Re: URLencoding.

>Dave J Woolley wrote:
[snip]
> "Space characters are replaced by `+', and
> then reserved characters are escaped as described in [RFC1738],
section
       ^^^^^^^^ ^^^^^^^^^^
>2.2:
>        Non-alphanumeric characters are replaced by `%HH', a percent
>sign and
> two hexadecimal digits representing the ASCII code of the character.
> Line breaks are represented as "CR LF" pairs (i.e., `%0D%0A').
>
> -- 17.13.4 Form content types
>http://www.w3.org/TR/1999/REC-html401-19991224/interact/forms.html#h-17
.13.4.1



>That's clear enough, no?
> 0. convert mac/unix/whatever linebreak conventions to internet CRLF
> if necessary
> 1. replace all ' ' by +
> 2. replace everything but alphanumerics [a-zA-Z0-9] by %HH


Ahh...But therein lies the confusion...

Set aside the question of whether or not you % escape the + with which
you replaced the spaces (first point of confusion).

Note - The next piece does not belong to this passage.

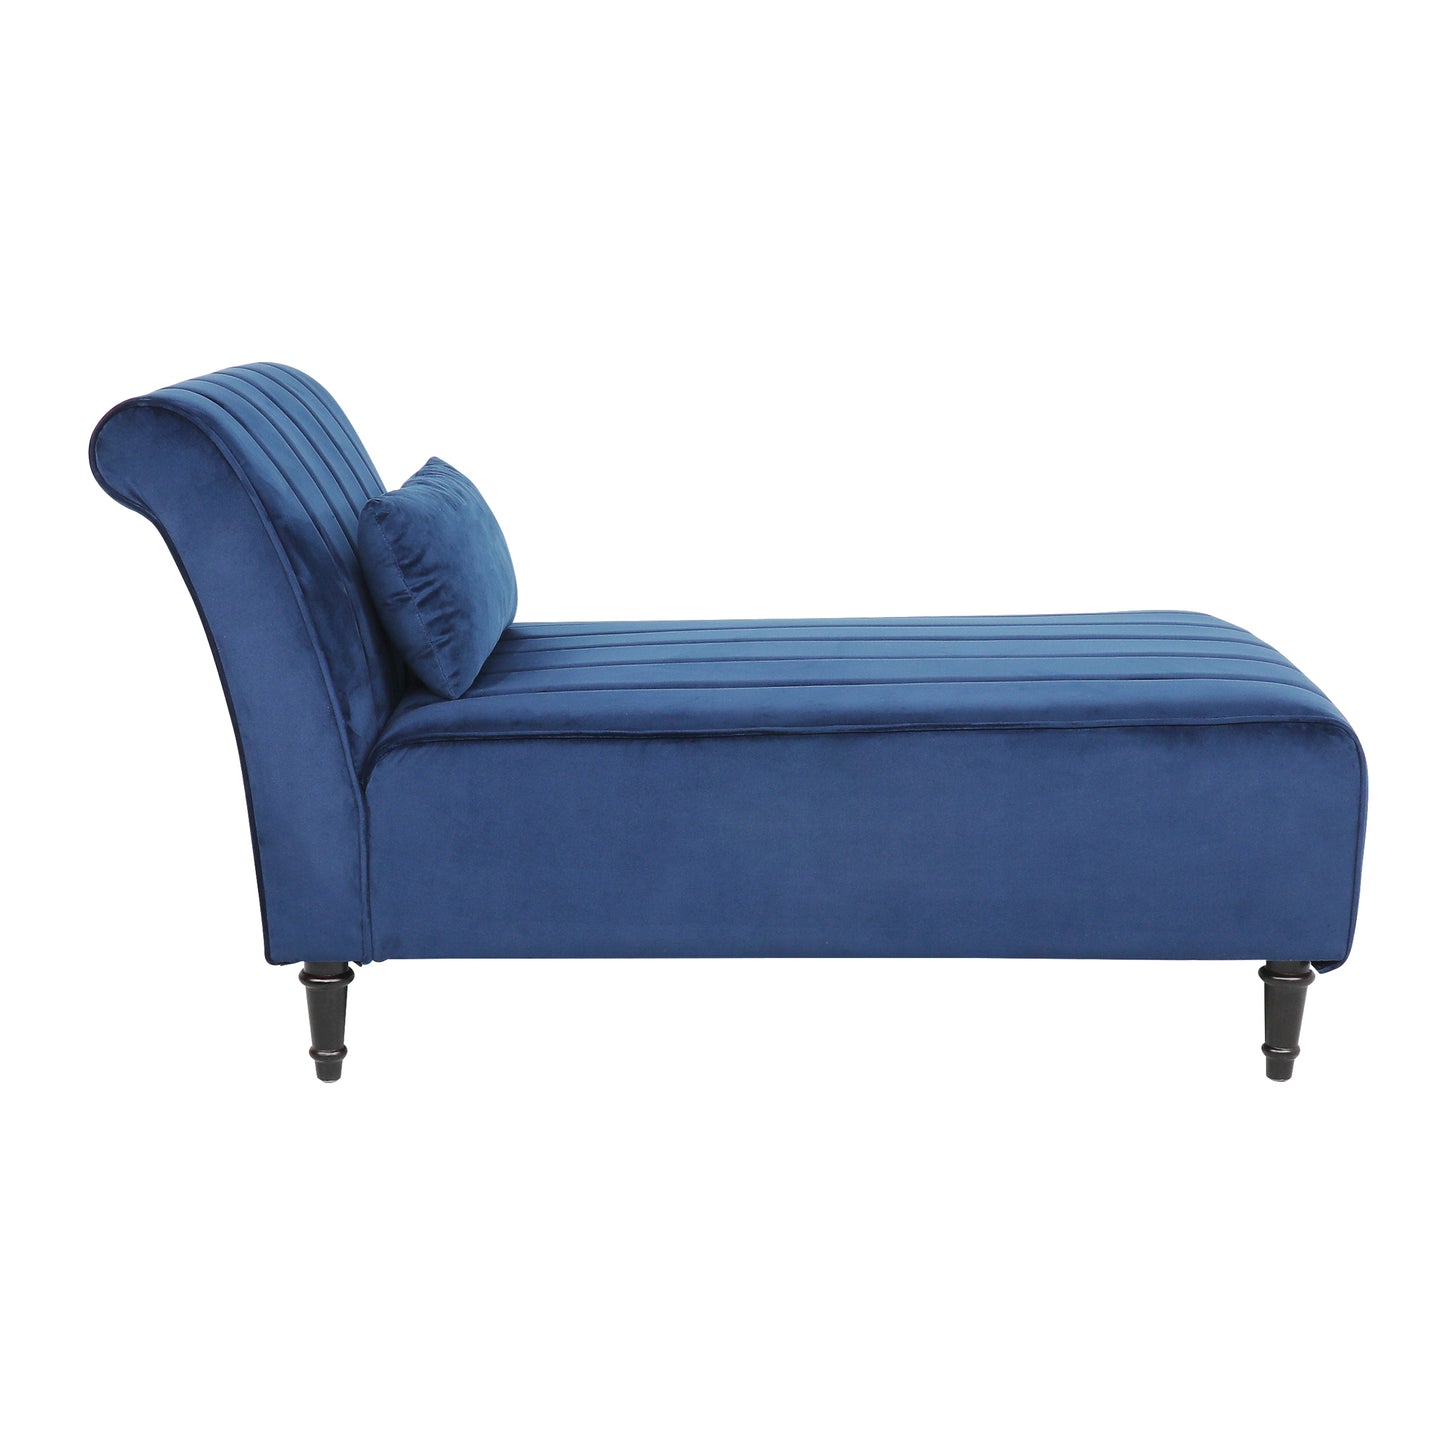 Chairone Armless Velvet Fabric Chaise Lounge

If you read the referenced RFC1738, you discover that the term "reserved
characters" has a special meaning. Incidentally, the RFC1738 reference
is out of date since it has been superceded by RFC2396.

From RFC2396, section 2.2. Reserved Characters:
...
  reserved    = ";" | "/" | "?" | ":" | "@" | "&" | "=" | "+" |
                "$" | ","
...

From section 2.3. Unreserved Characters:
...
  unreserved  = alphanum | mark

  mark        = "-" | "_" | "." | "!" | "~" | "*" | "'" | "(" | ")"

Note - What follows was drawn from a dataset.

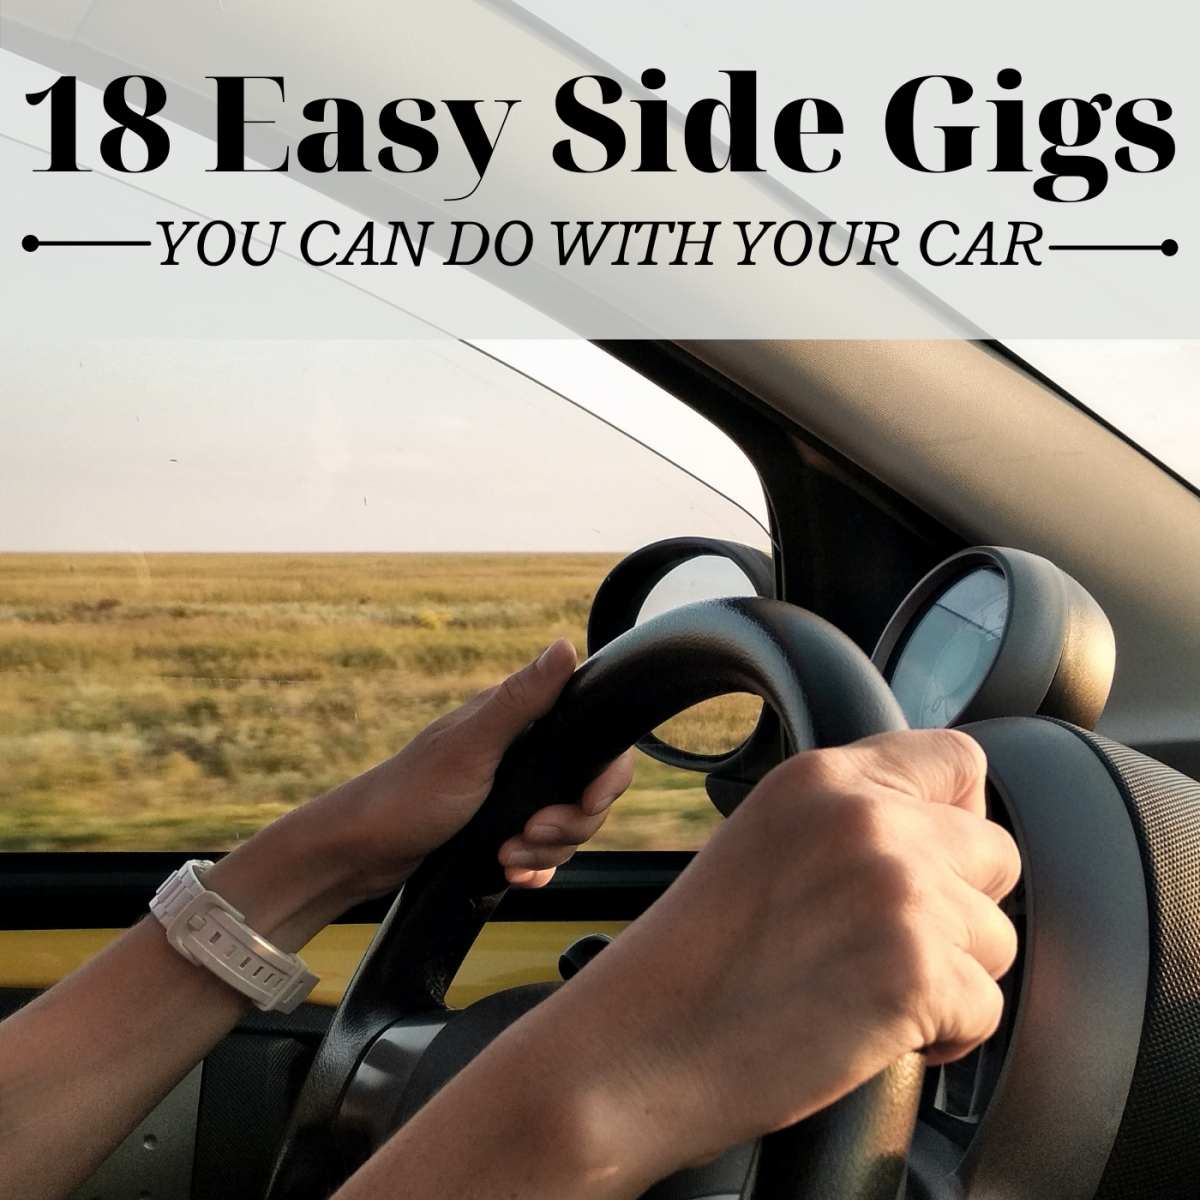 18 Ways to Make Money With Your Car

  Unreserved characters can be escaped without changing the semantics
  of the URI, but this should not be done unless the URI is being used
                  ^^^^^^^^^^^^^^^^^^^^^^^
  in a context that does not allow the unescaped character to appear.
...

So now we have the second point of confusion--should the "mark"
characters be escaped or not. If yes, eliminate the reference to the RFC
and simply escape all non-alphanumeric characters. If no, reword the
text to make clear what is meant by reserved characters. Since the RFC
is permissive, there is no problem if the first choice is made, but in
either case section 17.13.4 should be clarified.


--Dave Bridger

Received on Sunday, 9 April 2000 22:45:42 UTC